Gertie the Groundhog has been making predictions in Illinois since 1993, and according to the Wildlife Prairie Park in Hanna City, she has been more accurate than Phil over that span.
While it's true in general that male groundhogs emerge from hibernation before females, the timing of that event in relation to the Feb. 2 holiday differs.
"In some parts of the country, i.e., the South, females could be out [in early February]," Maher said. "However, in the more northern parts of their range, it would just be males."
Why do the males get moving early?
They're looking for a potential mate, preparing for the spring breeding season.
"Males visit females in burrows once females have emerged from hibernation," Maher said. "Woodchucks plug their burrows with leaves and other material when they enter hibernation. Thus, they need to dig out first. Once females emerge, usually a couple weeks after males do, then breeding season commences."
Sometimes, the interactions start even earlier.

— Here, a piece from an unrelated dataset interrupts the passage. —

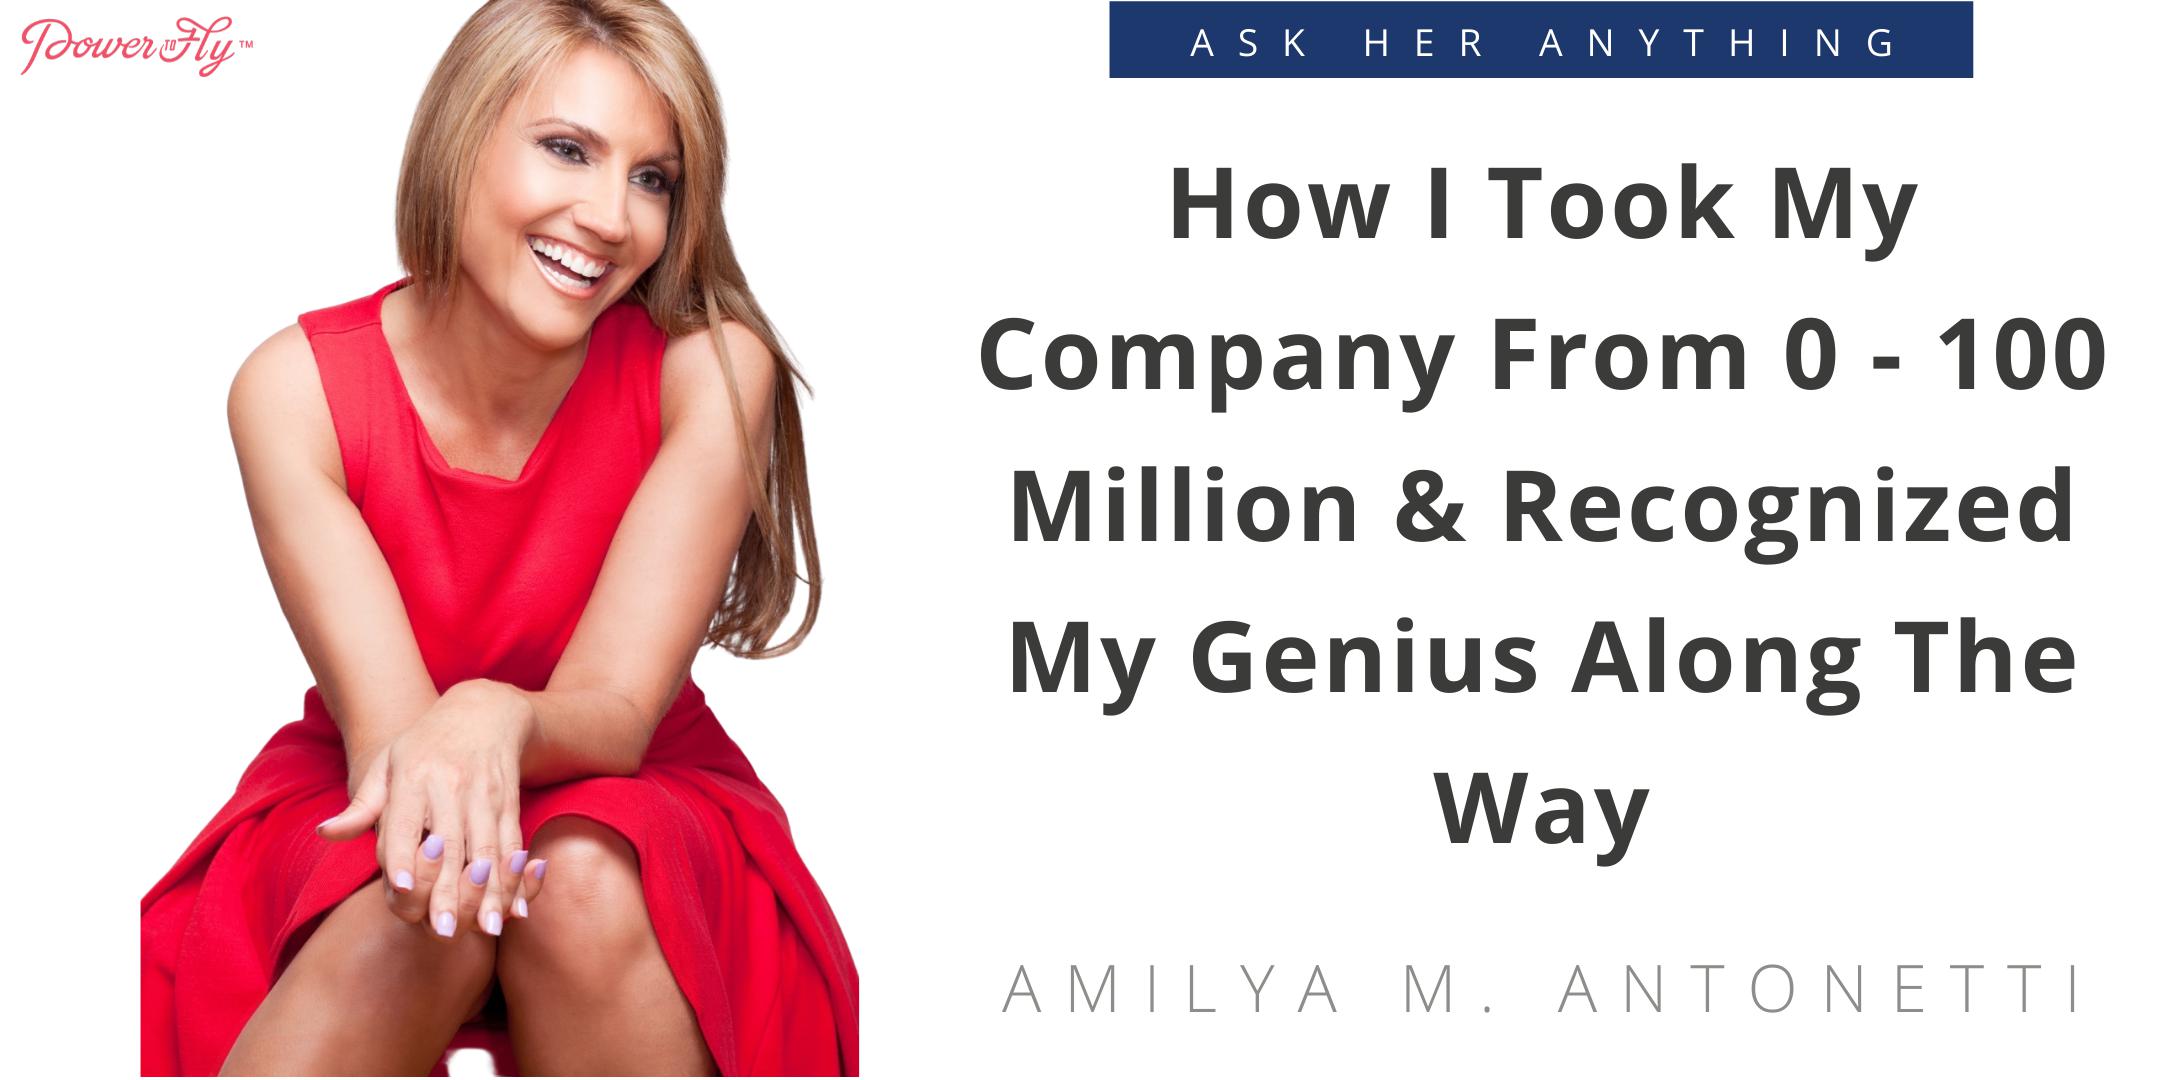 How I Took My Company From 0 - 100 Million & Recognized My Genius Along The Way

In a university study that Zervanos led at Penn State Berks, early-rising male woodchucks were spotted visiting females' burrows. The groundhogs seemed to be seeking a way to connect before the mating season.
"You can call it a slumber party," Zervanos told NPR. "They are both out at this time at our latitude to reestablish bonds in preparation for mating in a few weeks."
In general, Maher said, she has found that groundhogs are more social than what was once assumed.
"Some juveniles don't leave home in their first summer, and some never leave home!" she said. "They will settle near their kin, which also live nearby, and continue to interact with those relatives throughout their lives."